Steering up Park Boulevard during last light from the town of Joshua Tree to the west entrance of California’s Joshua Tree National Park (J-Tree), the glow of town fading in the rearview mirror, a feeling of calmness overtakes you. Stepping out of your car once there, a warm desert wind washes over your body.
“When I’m on top of one of the huge boulders late in the day, I feel like I’m on an island overlooking a shallow sea,” local climbing guide Roddy McCalley says of the arid, fragile landscape.
Scattered rocks are everywhere, and thousands of yucca trees — 10- to 70-foot vertical stalks with outstretched spiny arms and bushy green ends like something out of a Dr. Seuss book — pepper the immense 1,235-square-mile park. (It’s these trees that the park is named after.)
While many parts of California are thawing out after receiving record snowfall this winter, the deserts in the southern part of the state remain unchanged. The high desert of Joshua Tree National Park, 140 miles east of Los Angeles, is famous for its world-class rock climbing, camping and hiking. It also offers incredible road cycling (mountain biking is prohibited at nearly all areas within the park).
For three seasons out of the year, the park’s daytime average temperatures are in the balmy 60s to 80s with moderate to strong winds. At night, when temperatures drop to the 30s, many campers can be found huddled around campfires, wrapped in blankets to keep warm.
“The winds are something to mindful of. Be sure you stake your tent securely down,” Seth Zaharias, owner of local climbing guide service Cliffhanger Guides, says.
Summers are too hot for most people, as temperatures creep over the 100s.
Until 20 years ago, before J-Tree was upgraded from a national monument to a national park, 50 percent of the visitors were climbers.
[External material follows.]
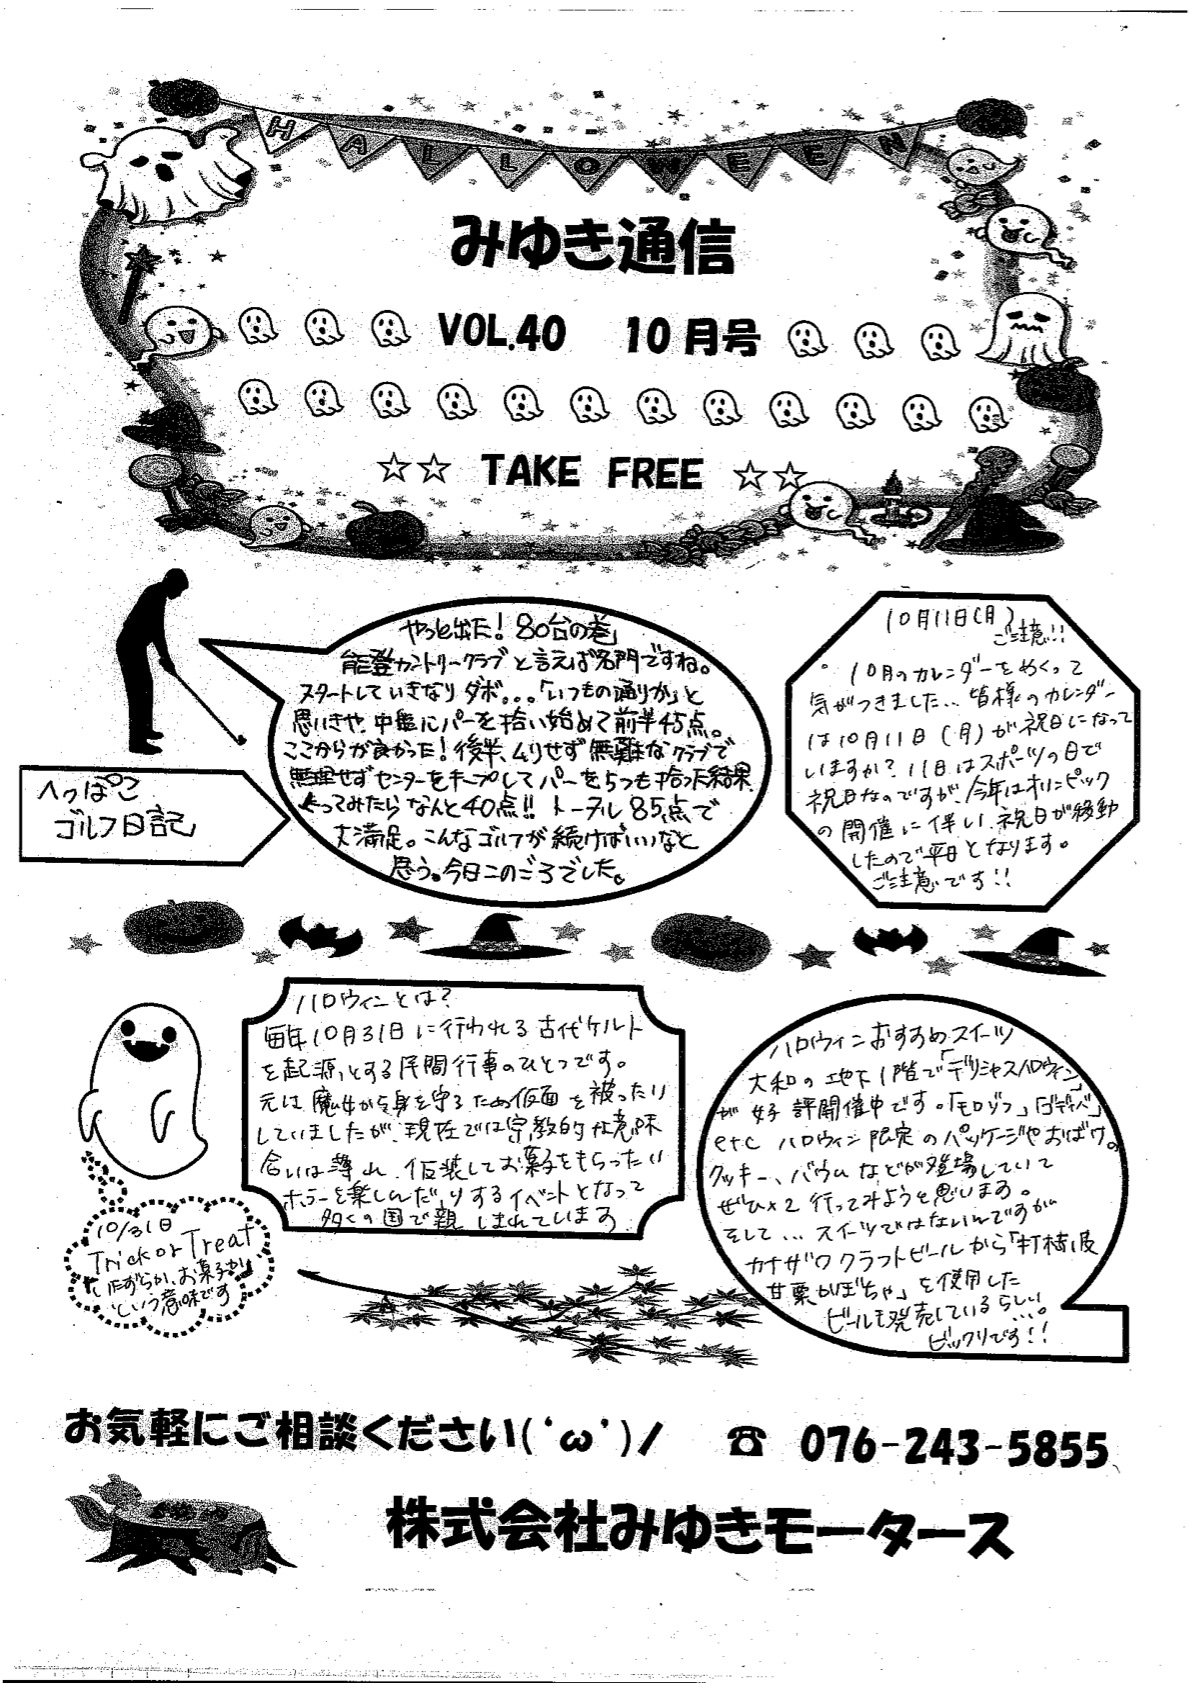 みゆき通信vol.40 10月号

Since then, “the LA Times and San Diego papers [have said] it’s the ultimate retreat for artists and musicians,” Kevin Walker, a mechanic at the Joshua Tree Bicycle Shop, says.
Today the park is estimated to draw two million more visitors a year than it did in the late ’90s, superintendent David Smith tells GrindTV, drawing eccentrics, athletes and tourists. “The challenge is that our park operating budget has remained relatively stagnate,” he explains.
J-Tree contains an astounding 8,000 granite routes from 30 to several hundred feet tall — plus an endless number of boulders — played out on rough cracks and turtle-shell plates on routes rated 5.1 to 5.14. The rock is incredibly rough on the skin, so taping hands and wearing long pants and a long-sleeve shirt is recommended.
This area was a frequent hangout for the ’70s “Stonemasters,” including world-famous climber Lynn Hill, who would make frequent trips to the park to climb first ascents.
Hiking, backpacking & camping
The park contains hundreds of miles of trails, from short nature hikes all the way up to overnighters, with elevations varying from 900 to 5,000 feet that bring visitors to panoramic views and past hundreds of different plants, including prickly pear cactus and blooming wildflowers.
It also contains nine campgrounds, plus there are many additional options (including lodging) outside of the park.
Of note, “sometimes Joshua Tree’s popularity outgrows its carrying capacity and, as is often the case, overnight camping can become very scarce, very fast,” according to climbing-info resource Mountain Project.
Road cycling and mountain biking
Many of the roads in the park’s lower elevations have semi-fresh, smooth pavement, perfect for all-day road biking. However, it’s the high-country roads that can be lethal on delicate bike tires, with rough pavement and goat’s head abundant.
With its sandy washes and wide-open, expansive desert, this area may feel like the Wild West, but that doesn’t mean anything goes. Biking is allowed only where cars can go, which includes unpleasant washboard roads, though there are many mountain biking options right outside the park’s gates.
“Over the past 10 to 15 years, locals have been redeveloping the old mining trails and horse trails that are right outside the park on BLM [Bureau of Land Management] land,” says Walker, who recommends using fat bikes to get around. “You don’t need suspension at all; it’s all nice cross-country [riding] on sand or gravel-grinders.”
Be advised: Visitors need to bring their own water and are recommended to drink at least a gallon per day.